Yeah, absolutely. As you're going through your migration, you're gonna have new demand come in. You can't put the pen down for six to nine months as you're going through migration. You have to continue to deliver. So it is certainly important to have your architectural patterns in place and establish first and then migrate towards those. Because what you don't wanna do is just rebuild every solution. Right? You don't wanna start with your end products and try to reproduce them. From my experience, what you'll end up with, is you'll have your cloud environment, your net-new data platform, but then you'll still have your legacy, maybe on-prem data platform that's still running the business that's still essential to the business. And now you have two separate teams doing two separate things, and you never have the ability to consolidate. So like the lift and shift is critical, but it's also really critical to have those architectural patterns in place so you can support those new use cases.

Kelly Kohlleffel (08:25)

How do you keep continued alignment with the organizational objectives that you have, your data program objectives and then the ongoing objectives and business KPIs that Trellix has?

Frank Carotenuto (08:41)

When we started our enterprise data platform initiative and centralized many of the analytics teams, we didn't want to silo-off that communication with our business units. We ended up forming an adjacent team to our enterprise data platform, and we call it the data council. And the uniqueness of this approach really lies in the composition of the team. We selectively sought a representation from every business unit, someone who might have been a previous leader of the analytics team that was focused exclusively on, maybe customer success or finance or sales operations. We appointed them as a data product owner, and they would effectively continue with their role and be immersed in their day-to-day, but they would also serve as the conduit to funnel new demand and prioritization to our team.
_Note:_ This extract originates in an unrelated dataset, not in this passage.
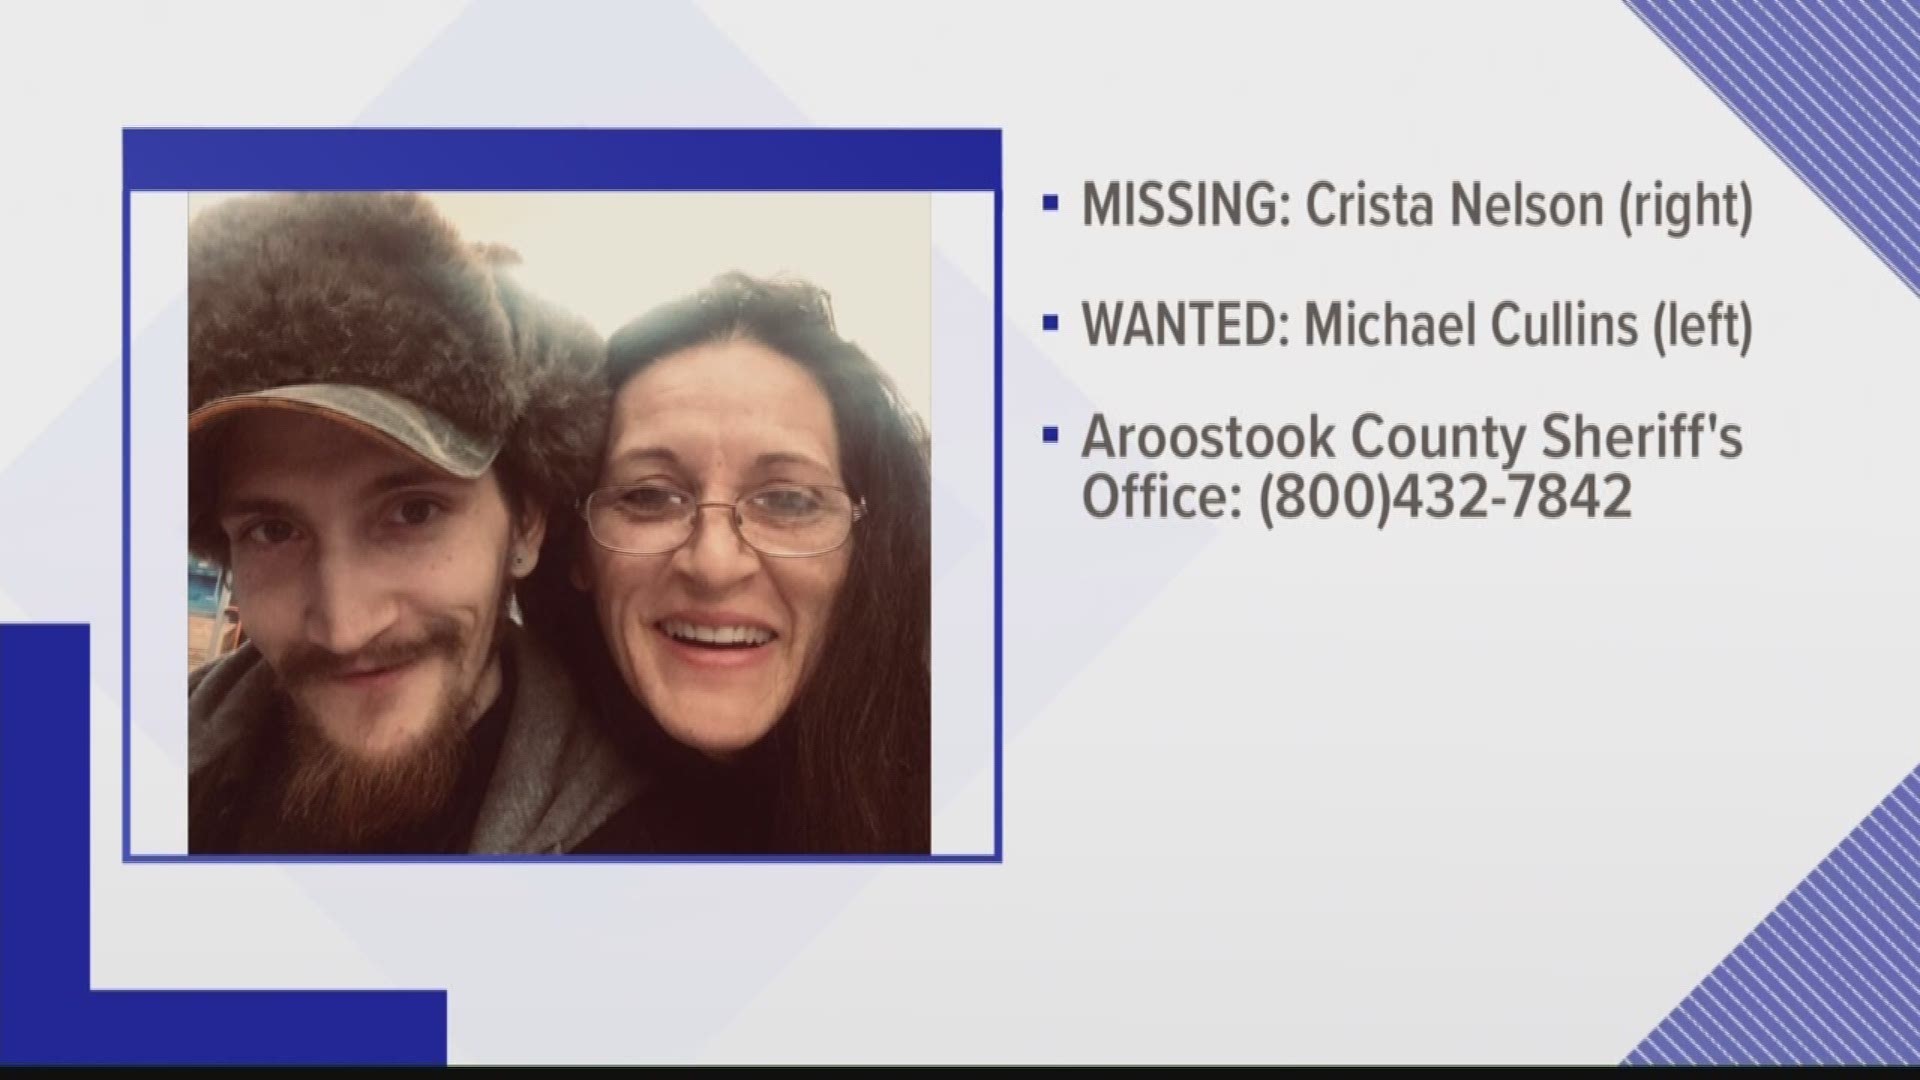 Police search for missing woman, Crista Nelson, and wanted man, Michael Cullins.
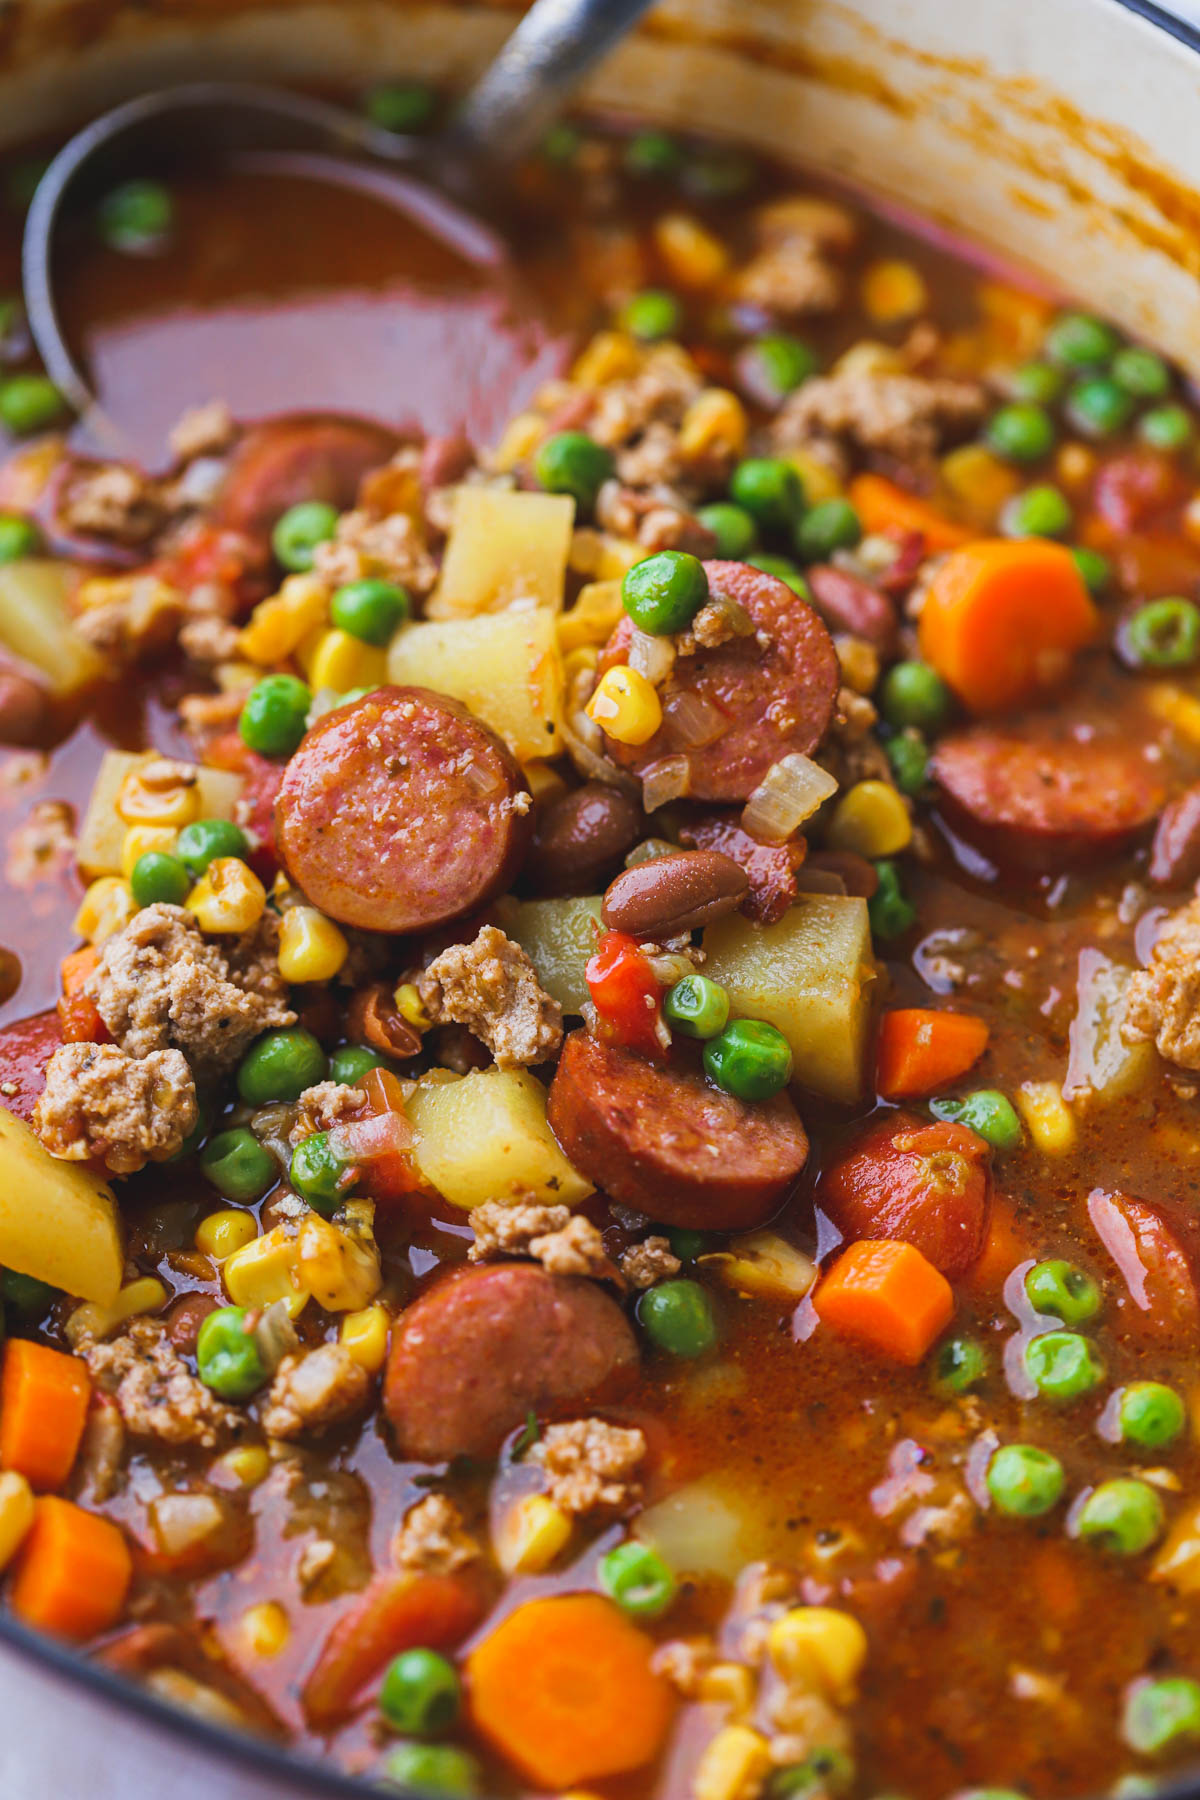 Cowboy soup made with chunks of vegetables, sausage bacon and beans.

You know, in their day-to-day they'll stay immersed in their business unit. But they would also be responsible for understanding what their needs are, translating that into a data product and then breaking that down into our functional teams. So an example, if new demand were to come in, they would assess whether or not that would require new data acquisition and they would funnel certain demand into the data warehousing team to go get that data. If all data is available, they would just focus, they would just work with the BI team to build out a new dashboard or some reverse ETL pipeline to funnel data into an application or something like that. 

Kelly Kohlleffel (10:18)

Yeah. That makes a lot of sense. And, that domain expertise obviously will vary from function to function. I would think that maybe a common thread on that data council is that pretty much everybody's gotta be pretty passionate about what data can do for their individual business unit as well.

Frank Carotenuto (10:38)

Absolutely. You'd be surprised by how much of the data needs across different organizations align with the needs of sales, product and finance. They have a lot of the same needs. So, when we ended up consolidating our data teams into a single CoE into a single enterprise data platform team, they didn't lose the ability to individually prioritize. What we gained is the ability to reduce duplicative effort because we're able to align across those business units.

Kelly Kohlleffel (11:11)

Yeah, that makes a lot of sense. When you think about data council, but even outside of that, what skills for you, what's most valuable for building a data team? What do you look for this year in 2024, as you're hiring or growing or just trying to help your individual team improve as it stands right now?

Frank Carotenuto (11:33)

There are different avenues in which people enter the data engineering space, and there's no bad one. I typically like to see somebody with an alternative programming background. They don't have to have it, but it's a very valuable skill. Or any programming language really. Having a CS background is pretty advantageous. Specifically because, you know, like for data warehousing, for example, our data warehousing team integrations team, you might need to build a bespoke API solution, either for another team to consume data off the platform or to retrieve data from another service. And having that skill in-house in the team creates that autonomy for us. You know, a solid foundation in programming obviously, SQL skills, but sometimes I even like to see networking skills. I like that because you'd be surprised how often that's used on a team, you know, if specifically with building data integrations, being able to troubleshoot connectivity to a server.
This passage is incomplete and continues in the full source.